Search code examples
node.jslong-polling

multi-client long poll handling with node


I am trying to create a node server that will notify long-polling clients when a file is updated on the server. However, I cannot seem to come up with the code to have the server recognize a change in the file and update any polling client that an update has been performed.

My source of confusion is rooted in the handling of timestamp, specifically, which timestamps I should be tracking. The clients just want to know if a file has changed. I don't think we should have to care about when a request comes in, i.e. we don't have to store the timestamp of the request in order to determine a change to the file. But, we would need to track in order to determine when to expire the request.

So, I'm thinking the server receives a request and immediately stores the timestamp of the target file. Then, every 10 seconds the server checks the stored timestamp against the timestamp of the file at the current time. If there's a difference, the file has been updated, and the server sends down a response to the client that indicates the file has changed. If the server does not see a change in the file after, say, 60 seconds, it sends a response down to the client to indicate that the client should initiate a new request.

Does the strategy above make sense? How does one handle the timestamp stuff efficiently? And, how does one handle multiple clients at the same time? And, how does one prevent the server from being overrun by multiple requests from the same client?


Solution

  • You need to be careful with what happens while the client is initiating the new request as the file may change during this time window.

    One way to take care of this would be for the client to first query the current file status:

    GET /file/timestamp
         -> Server returns the timestamp
    
    GET /file/update?after=[timestamp]
         -> Server checks whether the file has changed after the timestamp.
            If it has, the server sends the response immediately.
            Otherwise insert the client into a queue.
            You don't need to save the timestamp in the queue.
            If the server notices a change it notifies the clients.
    

    Now because of multiple clients the server shouldn't do the polling in the client request handler. Instead have a separate object that handles the polling.

    Depending on whether you have one or more files that need to be watched, you might end up with a simple or complex implementation for this. In short though you'll probably want to wrap fs.watchFile in an EventEmitter so that changes to the file will emit change-events.

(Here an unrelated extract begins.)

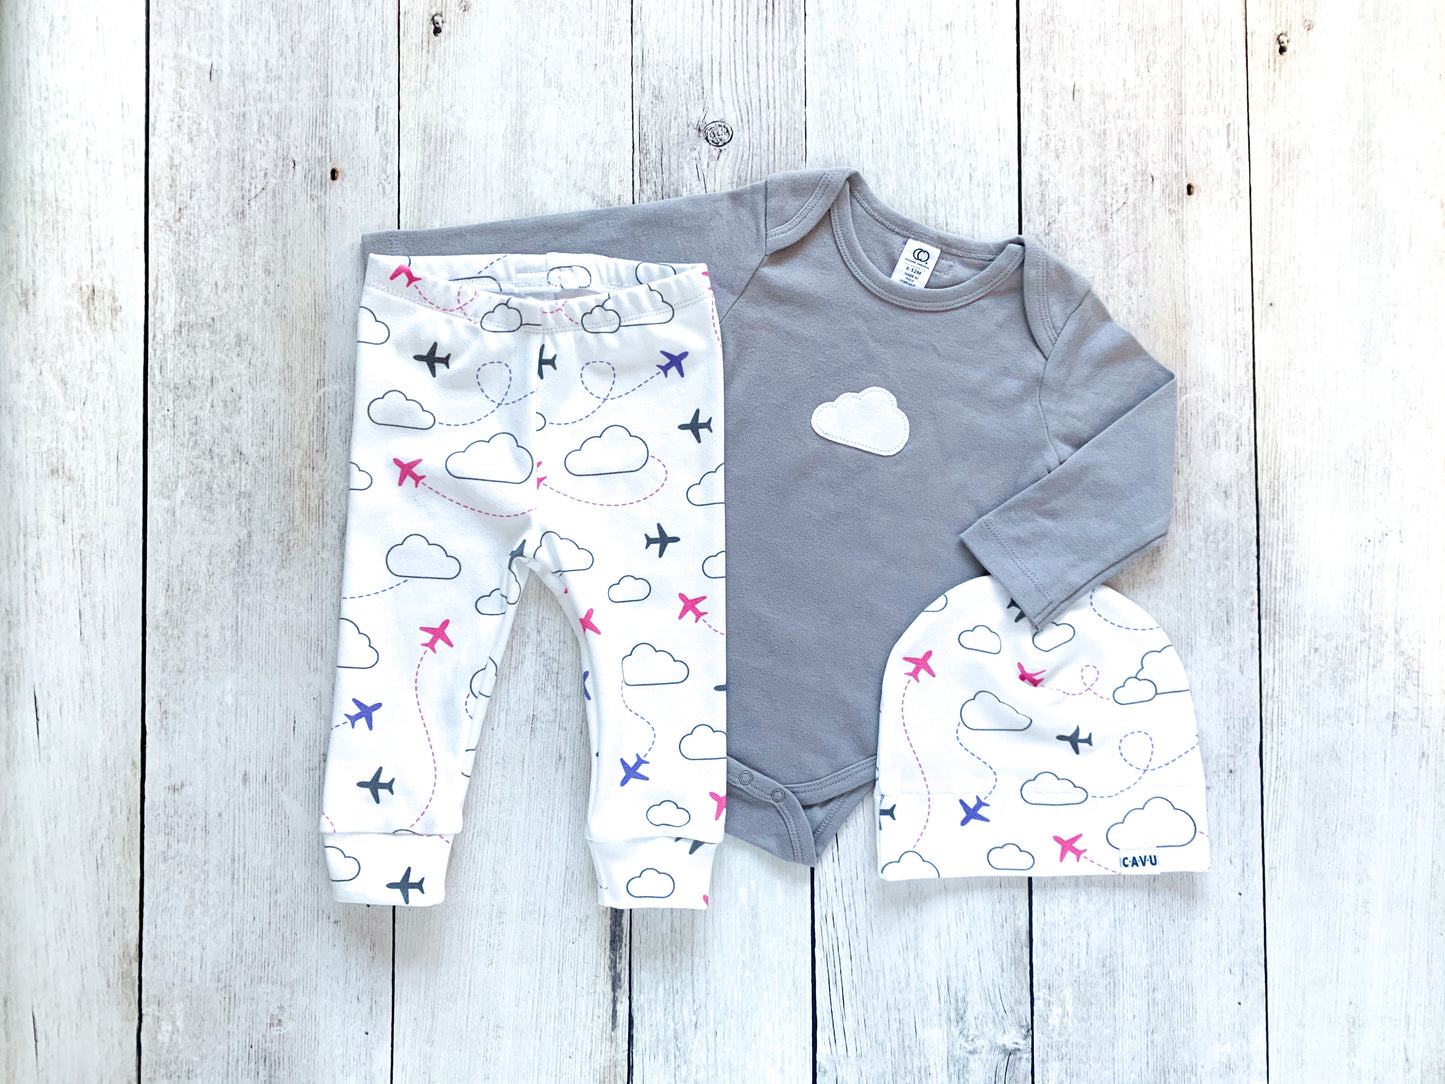 Jets in Clouds Organic Baby Leggings - Purple / Pink / Charcoal Gray / White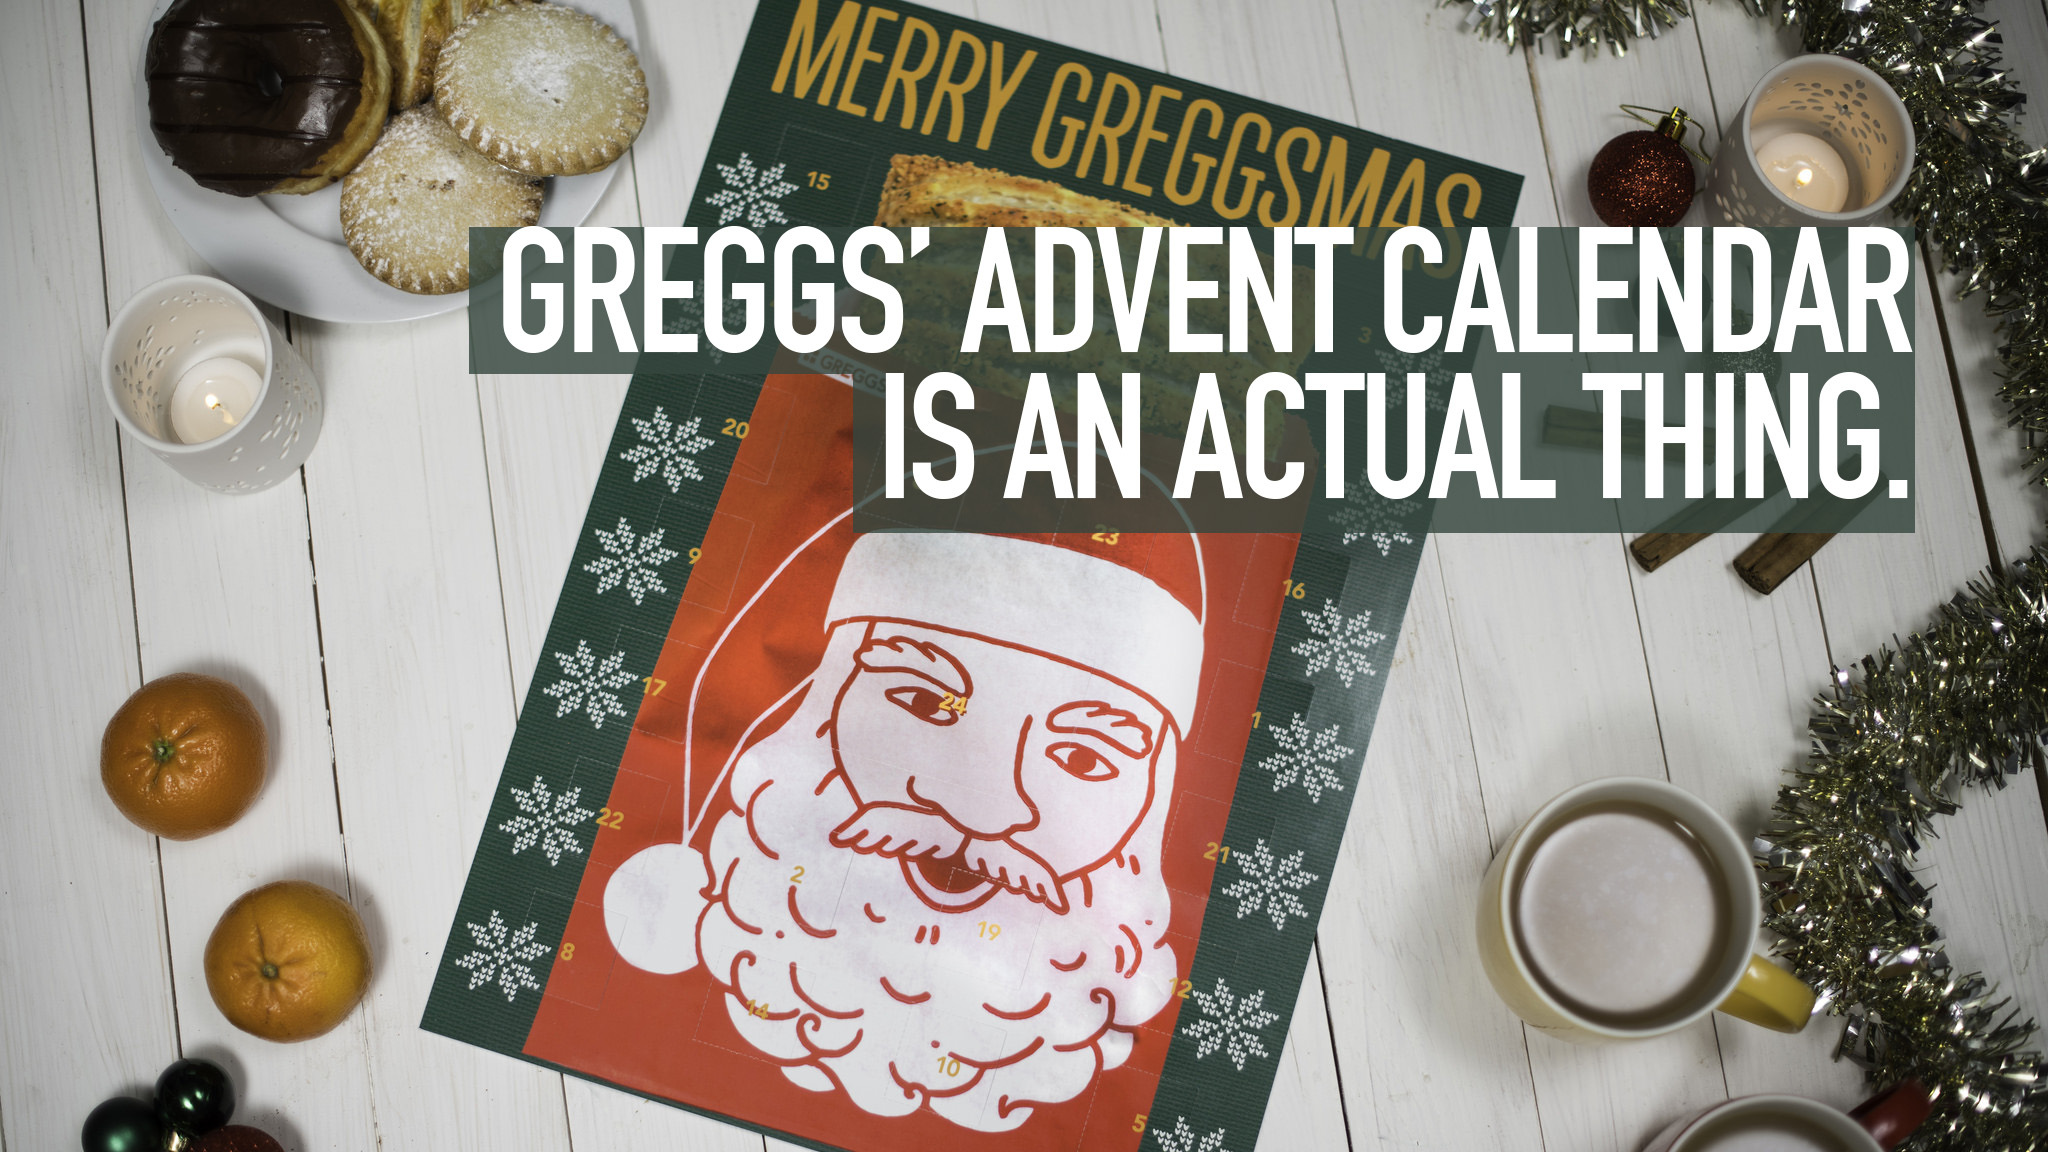 The Greggs advent calendar is an actual, real thing, and you can buy one.

    A naive implementation would be:

    var watcher = new EventEmitter();
    
    // Get the initial status
    fs.lstat( 'test.file', function( err, stat ) {
        if( err ) return console.error( err );
        watcher.stat = stat;
    });
    
    // Start watching the file and emit an event whenever the file changes.
    fs.watchFile( 'test.file', function( curr, prev ) {
        console.log( 'File changed' );
        watcher.stat = curr;
        watcher.emit( 'change', curr );
    });
    

    With these in place your request handler will look like something along the lines of:

    var server = http.createServer( function( req, res ) {
    
        res.writeHead( 200, { 'Content-Type': 'text/html' });
    
        var timeout;
        var onChange = function( stat ) {
            // Prevent timeout from triggering
            clearTimeout( timeout );
    
            console.log( 'File changed at ' + stat.mtime );
            res.end(
                'Changed at ' + stat.mtime + '. ' +
                '<a href="?after=' + stat.mtime.getTime() + '">Poll again</a>' );
        };
    
        var after = url.parse( req.url ).query || '';
        after = after.split('=');
        console.dir( after );
        if( after.length < 2 || after[1] < watcher.stat.mtime.getTime() ) {
            console.log( 'Initial request or file changed before request' );
            return onChange( watcher.stat );
        }
    
        console.log( 'Polling request.' );
    
        watcher.once( 'change', onChange );
        timeout = setTimeout( function() {
            console.log( 'File not changed. Giving up.' );
            watcher.removeListener( 'change', onChange );
            res.end(
                'Unchanged! <a href="?after=' + after[1] + '">Poll again</a>' );
        }, 10000 );
    });
    

    And finally the "prevent the server from being overrun by multiple requests from the same client?" - you don't. Not if you want to guarantee this and still allow anonymous requests. You could try cookie-based exclusion but if your service allows anonymous requests the users can just stop sending cookies at which point it becomes really difficult to identify requests from the same browser.